I'm new to VBA (and to this forum) and was wondering if someone could help me with a problem getting some web page data into Excel 2010 using VBA.

Basically the scenario I am trying to create is very similar to this YouTube tutorial. Excel VBA Pull Data From A Website - YouTube

My scenario however is set up with the following titles in cell A1, B1, C1, D1 and E1 : POST CODE, OUTLET, ADDRESS, TELEPHONE, EMAIL

The result I want to achieve is I enter a post code into cell A2 for example, Excel then uses IE to navigate to the relevant web page as defined in the VBA code. I then want the following to happen:


  • The InnerText of the web page's h1 tag is then inserted into the OUTLET cell (B2)
  • The first instance of the p tag is then inserted into the ADDRESS cell (C2)
  • The second instance of the p tag is then inserted into the TELEPHONE cell (D2)
  • The third instance of the p tag is then inserted into the EMAIL cell (E2)

All instances of the p tag are contained in a div element called div class="adBox_content" . There are also 5 other DIVs above that DIV in the hierarchy (whether that helps or not I don't know?)

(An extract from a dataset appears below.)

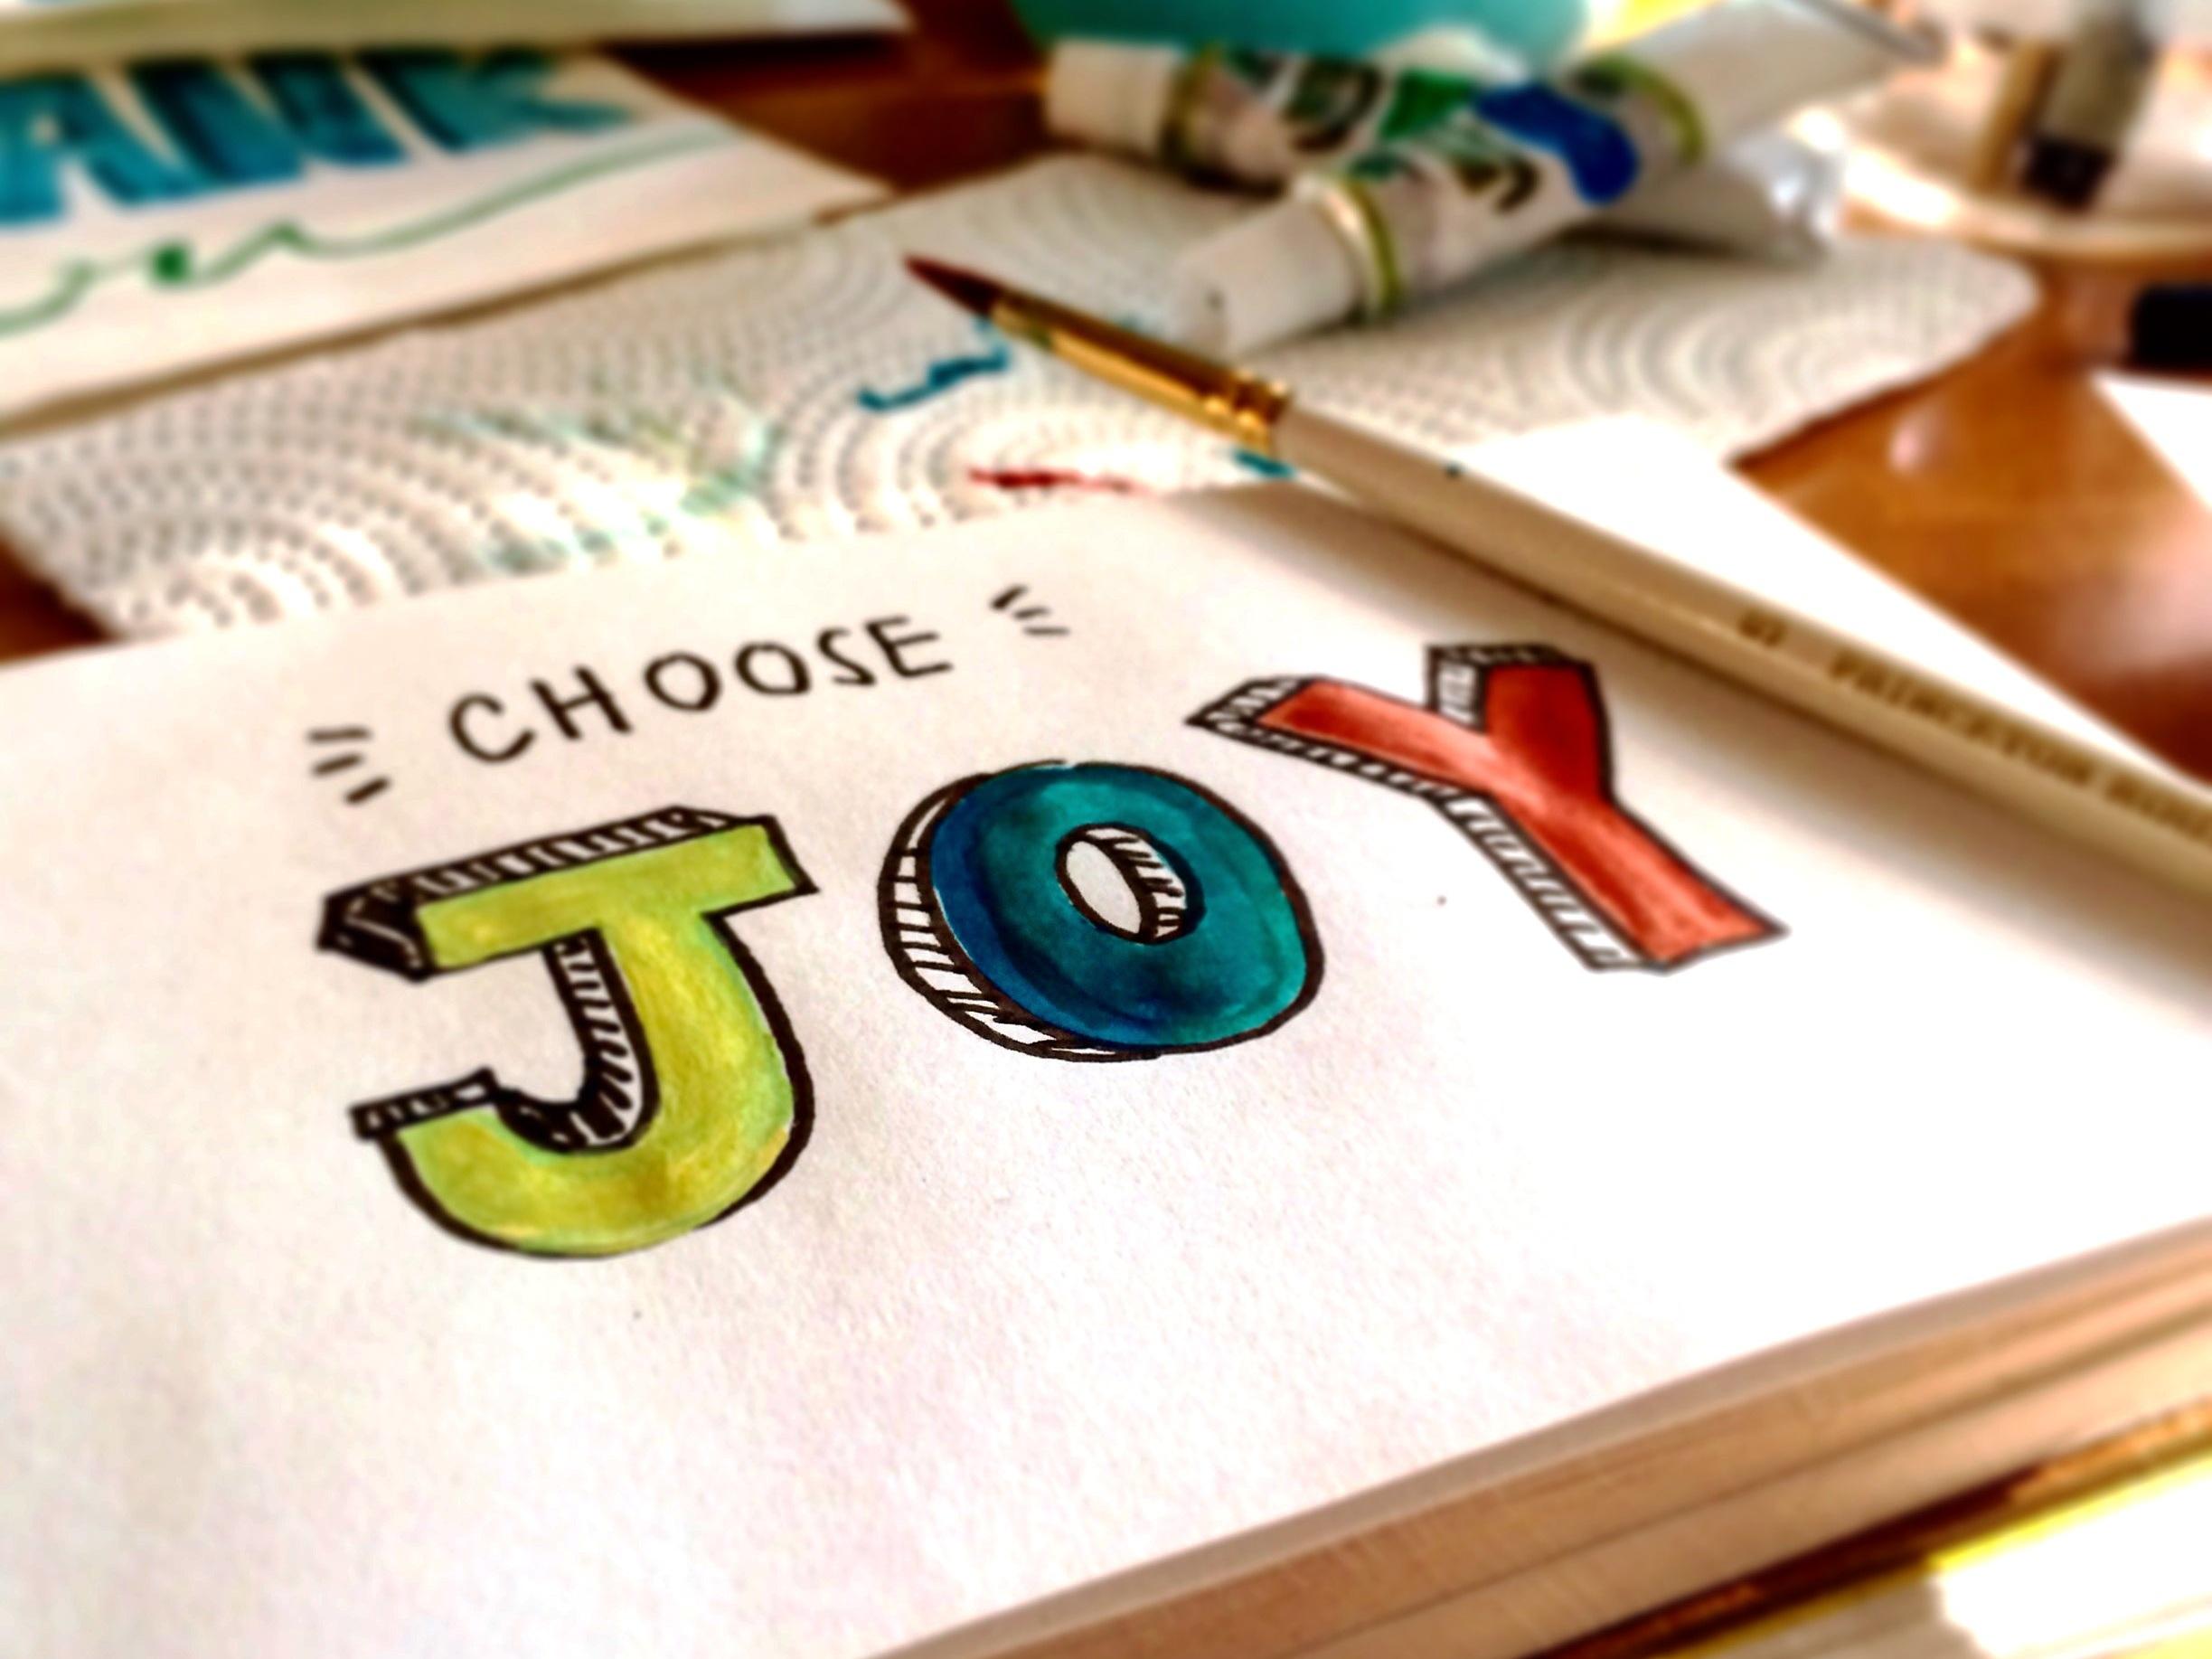 brush-happiness-joy-22221+%281%29.jpg

Using the YouTube tutorial link, the method has worked for me using the getElementsByTagName("h1").innerText However, when I try adding a second getElementsByTagName("p")(01).innerText the whole thing fails.

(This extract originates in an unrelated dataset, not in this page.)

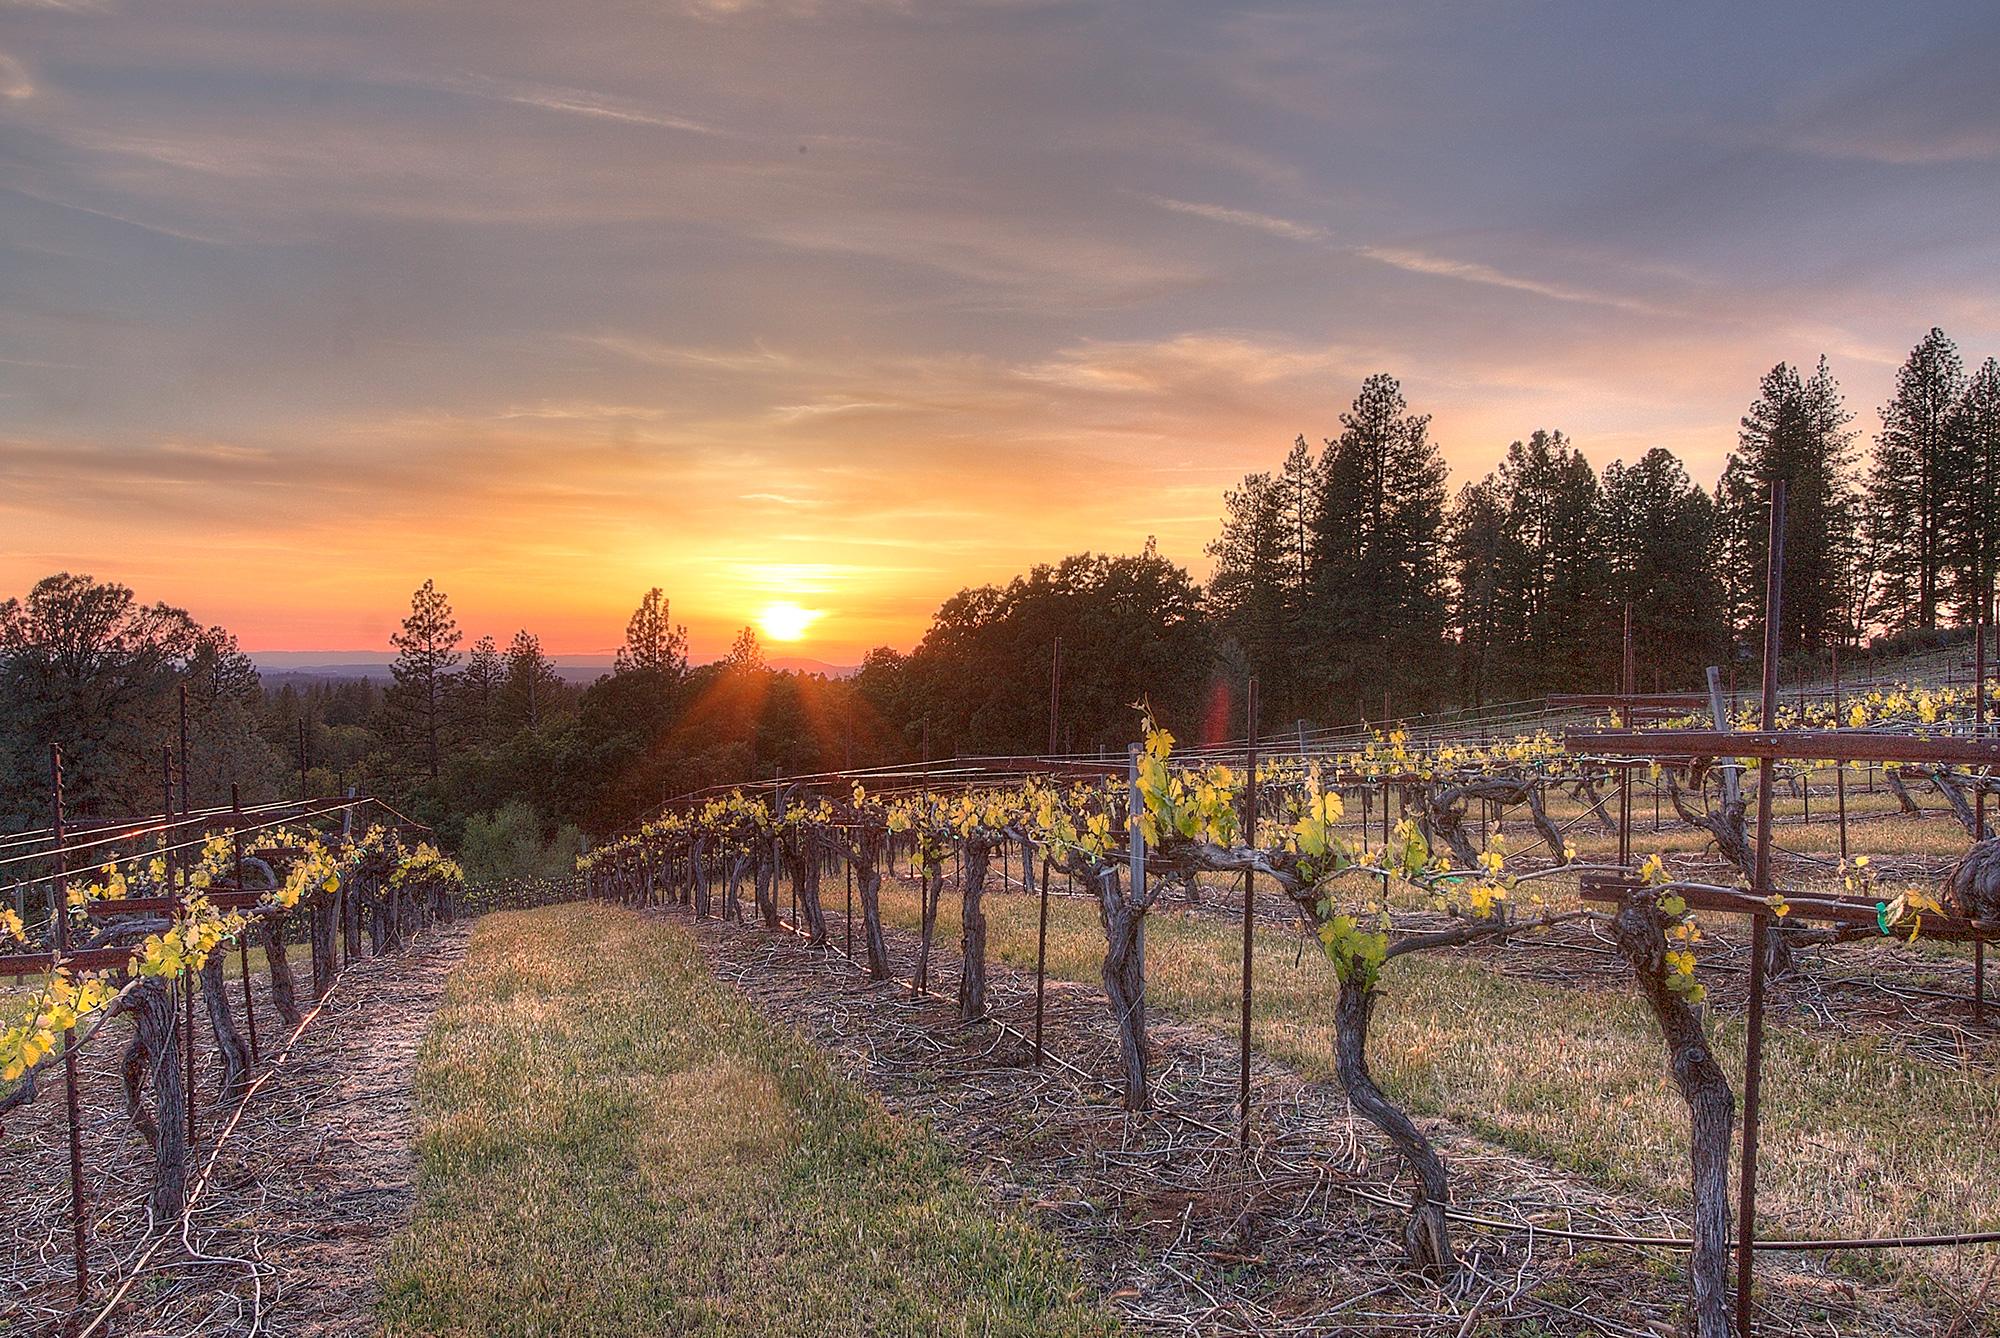 Premium Sierra Foothills Estate Vineyard & Winery - Vintroux

So I'm left with two problems; I can't make the VBA get more than one element at a time from the page, I can only either have the h1 or the first instance of the p tag. I've tried all the getElementBy methods and none of them seem to work in getting the second and third
instances to show.


I also need the code to make the data be put on the same row ONLY as where the post code was entered. In this scenario for example of entering a post code into A2, the OUTLET needs to land in cell B2 only, ADDRESS C3 only etc.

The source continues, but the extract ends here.